The visionary conservation giant George Wislocki passed away last week at 89. George served as founder and president of the county-wide land trust Berkshire Natural Resources Council (BNRC) and had a hand in establishing several town-scale land trusts in Berkshire County, including ours.
At our 20th Anniversary Annual Meeting in 2006, Rural Lands’ first board president Mary Lou Galusha recounted that meeting George at a Hancock Shaker Village event served as impetus to gather some 100 people at a picnic to plan ways to save open space in Williamstown. The picnic led to the formation of WRLF in 1986. George mentioned then that the “local land trust is one of the few ways a community can take control of a community.”
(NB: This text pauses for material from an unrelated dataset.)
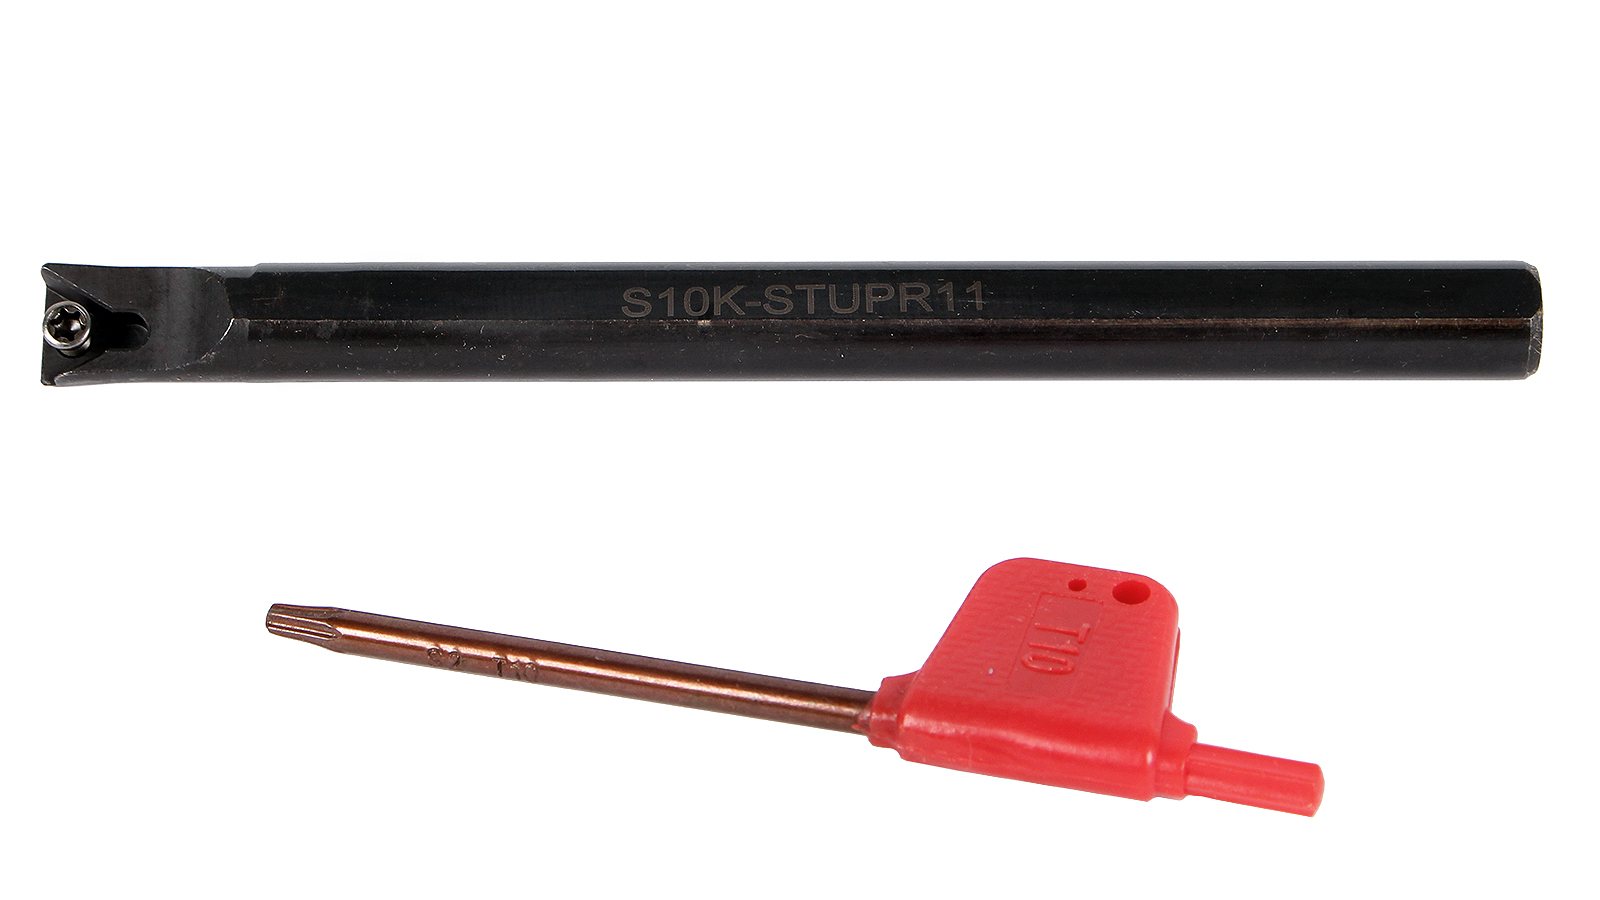 Резец токарный расточной для сквозных и глухих отверстий S10K-STUPR11 токарный расточной резец станкоинструмент и оснастка

“Now it is 20 years later and most of the Berkshire community land trusts which were formed in the 80s have gone on to acquire magnificent lands within their boundaries. The diversity of these holdings is quite wonderful. Included in the Stockbridge Land Trust holdings is a tiny lot which has traditionally served as the town commons for the settlement of Interlaken, but which was never publicly owned. Williamstown Rural Land Foundation’s acquisition of the Arthur Rosenburg farm with its assemblage of barns, dwelling and sheds, and commitment to use this property for educational programs in natural history and rural heritage maybe the most ambitious project ever undertaken by any of the town land trusts in western Massachusetts. One of my favorites of all the land acquisitions undertaken in the Berkshires is Williamstown’s acquisition of Caretaker Farm, with its carefully drafted deed restrictions which assure that these lands will not only be forever protected as prime agricultural lands but will be continued to be worked as a family farm serving the needs of its surrounding community.
” … And so it is that on the 20th anniversary of the Williamstown Rural Land Foundation I congratulate you on your achievements to date, and I hope that in a hundred years, others will look back on your achievements while they enjoy the bounty of Caretaker Farm and the many other lands which you will have assembled.”